By default, the SDK automatically retries certain errors two times with a short exponential backoff. These include:

* Connection errors
* 408 Request Timeout
* <Tooltip tip="Learn how rate limits are applied and measured." cta="Read our Rate Limits guide." href="/support/rate-limits">429 Rate Limit</Tooltip>
* \>= 500 Internal errors

You can configure or disable retry settings using the `max_retries` option:

<CodeGroup>
  ```python Python theme={null}
  from cerebras.cloud.sdk import Cerebras

  # Configure the default for all requests:
  client = Cerebras(
      max_retries=0,  # Disable retries (default is 2)
  )

  # Or, configure per-request:
  client.with_options(max_retries=5).chat.completions.create(
      messages=[
          {
              "role": "user",
              "content": "Why is fast inference important?",
          }
      ],
      model="gpt-oss-120b",
  )
  ```

  ```javascript Node.js theme={null}
  import Cerebras from '@cerebras/cerebras_cloud_sdk';

  // Configure the default for all requests:
  const client = new Cerebras({
    maxRetries: 0, // default is 2
  });

  // Or, configure per-request:
  await client.chat.completions.create({ messages: [{ role: 'user', content: 'Why is fast inference important?' }], model: 'gpt-oss-120b' }, {
    maxRetries: 5,
  });
  ```
</CodeGroup>

## Timeouts

Requests time out after 1 minute by default.
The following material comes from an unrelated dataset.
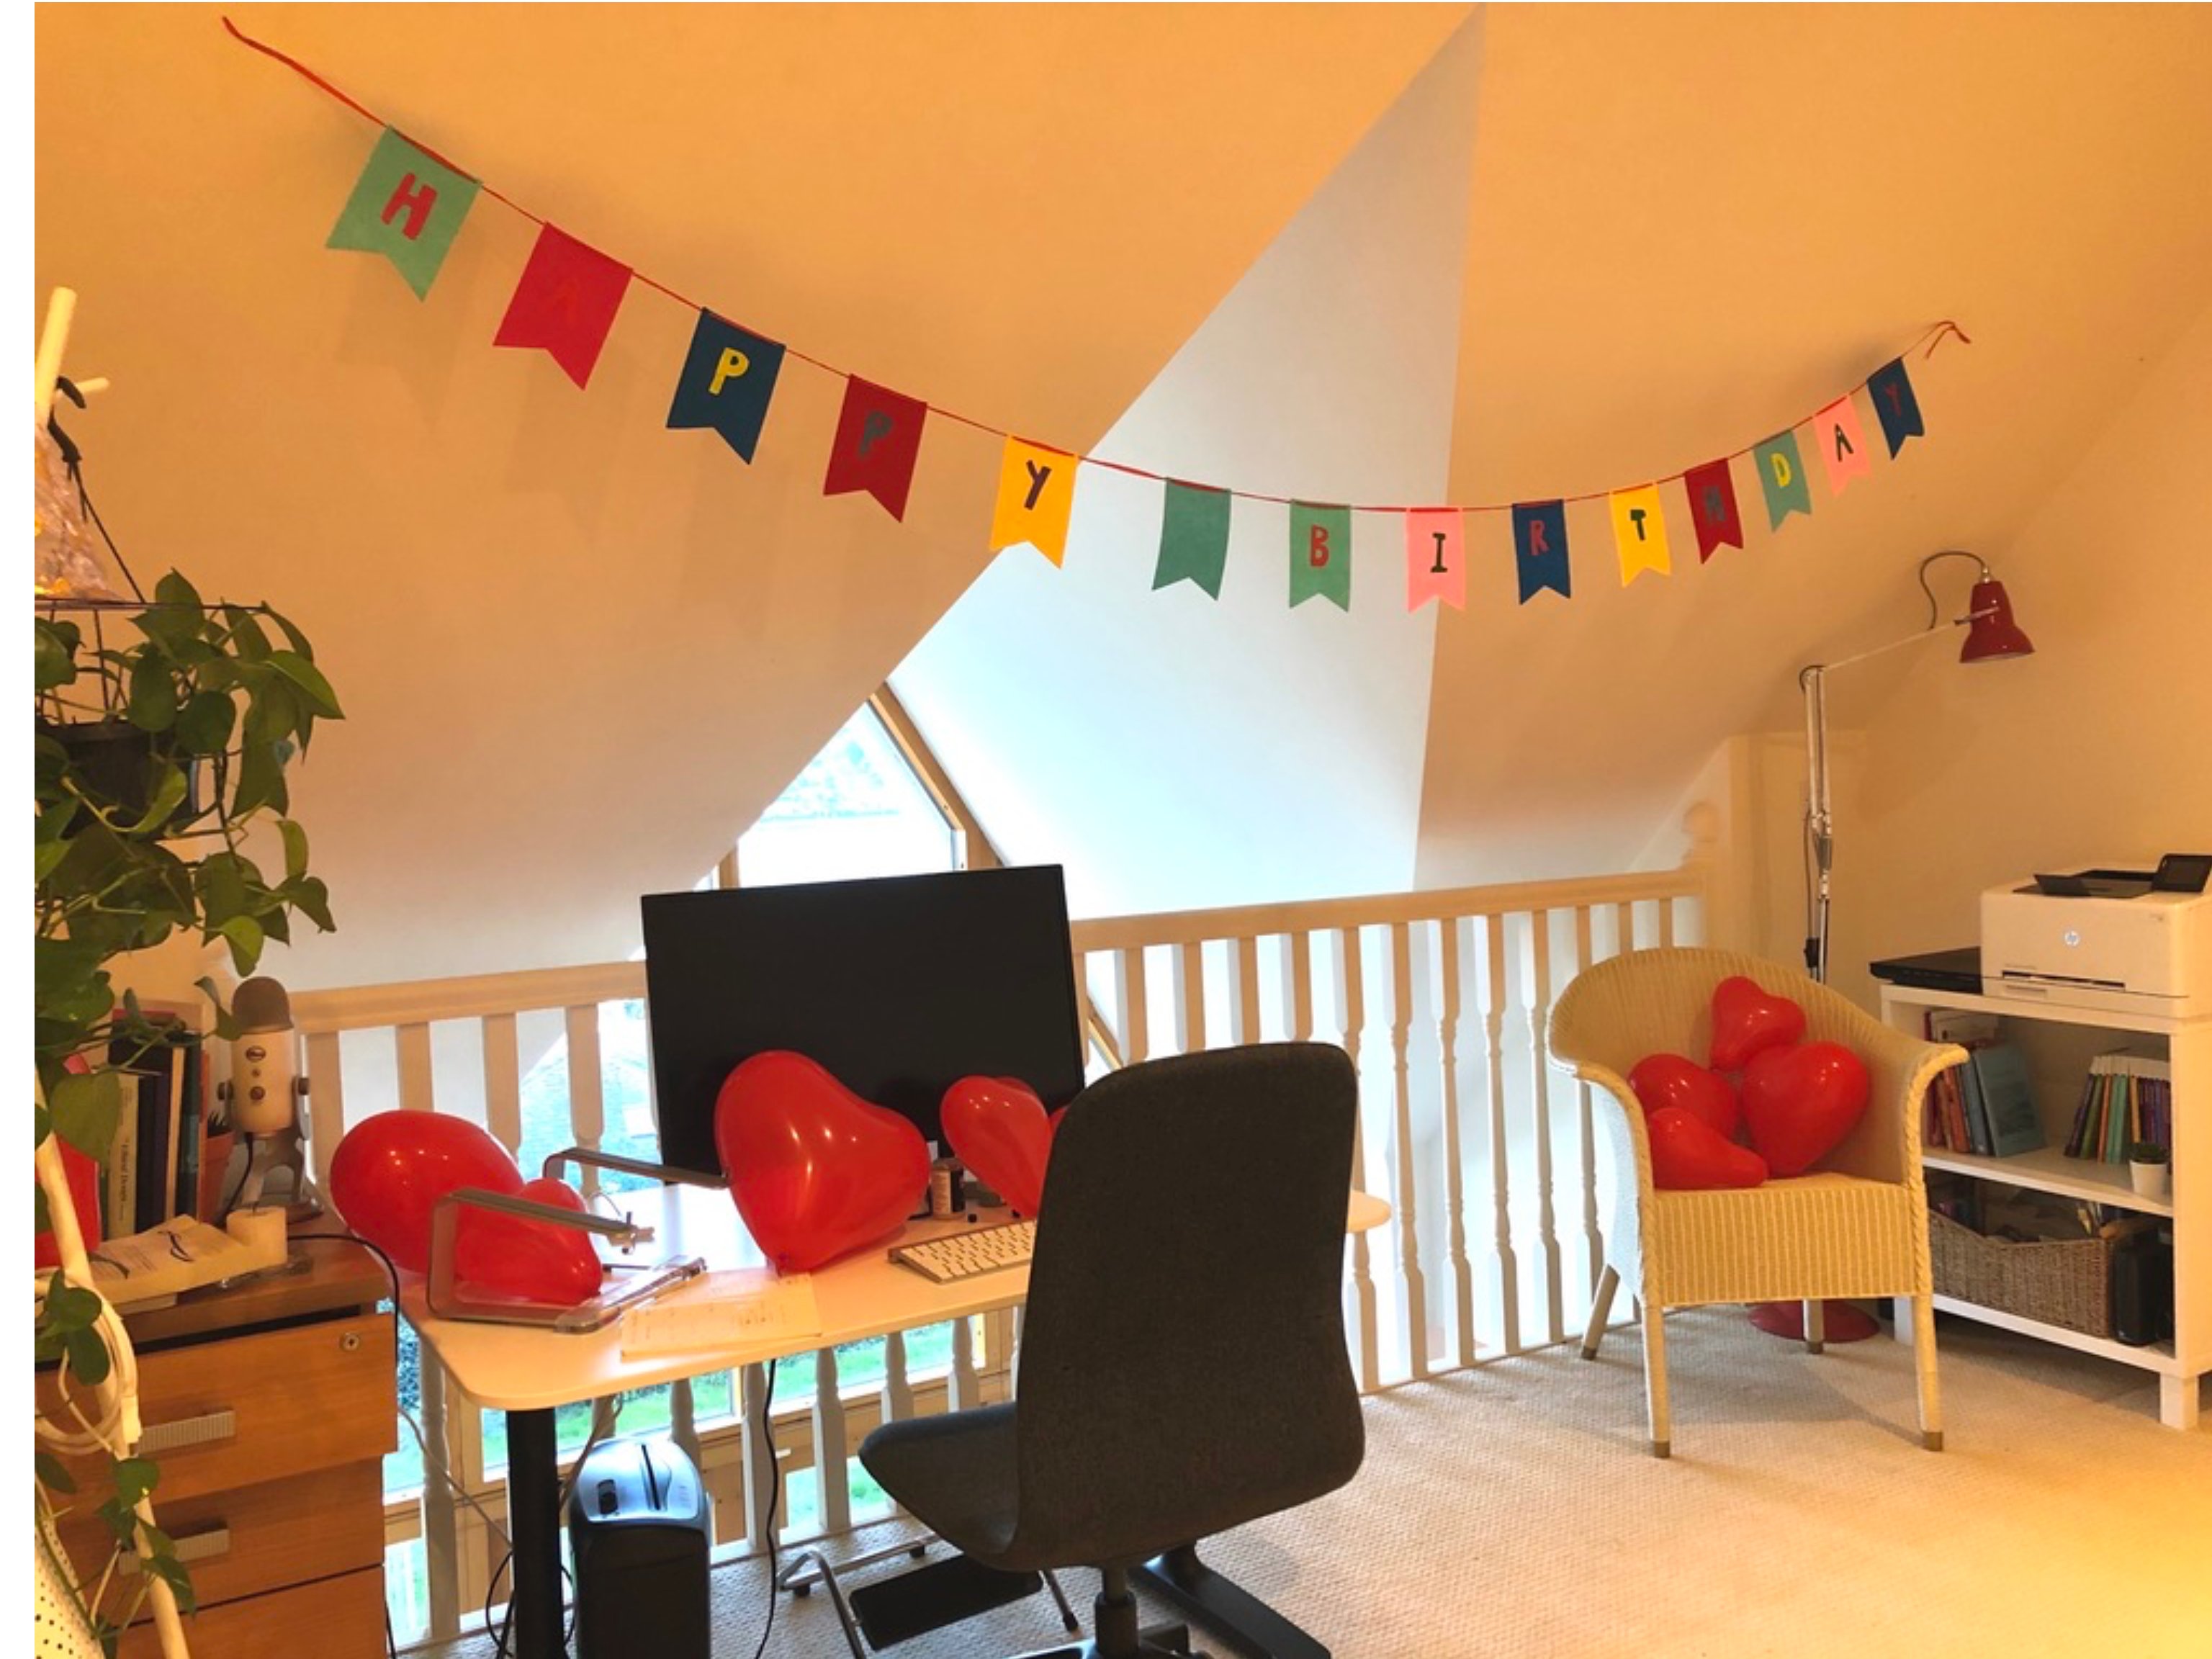 My home office decorated with a happy birthday banner and red heart balloons.

You can configure this with a `timeout` option:

<CodeGroup>
  ```python Python theme={null}
  from cerebras.cloud.sdk import Cerebras
  import httpx

  # Configure the default for all requests:
  client = Cerebras(
      timeout=20.0,  # 20 seconds (default is 1 minute)
  )

  # More granular control:
  client = Cerebras(
      timeout=httpx.Timeout(60.0, read=5.0, write=10.0, connect=2.0),
  )

  # Override per-request:
  client.with_options(timeout=5.0).chat.completions.create(
      messages=[
          {
              "role": "user",
              "content": "Why is fast inference important?",
          }
      ],
      model="gpt-oss-120b",
  )
  ```

  ```javascript Node.js theme={null}
  import Cerebras from '@cerebras/cerebras_cloud_sdk';

  // Configure the default for all requests:
  const client = new Cerebras({
    timeout: 20 * 1000, // 20 seconds (default is 1 minute)
  });

  // Override per-request:
  await client.chat.completions.create({ messages: [{ role: 'user', content: 'Why is fast inference important?' }], model: 'gpt-oss-120b' }, {
    timeout: 5 * 1000,
  });
  ```
</CodeGroup>

On timeout, the SDK throws an `APITimeoutError`. Note that the SDK retries requests that time out twice by default.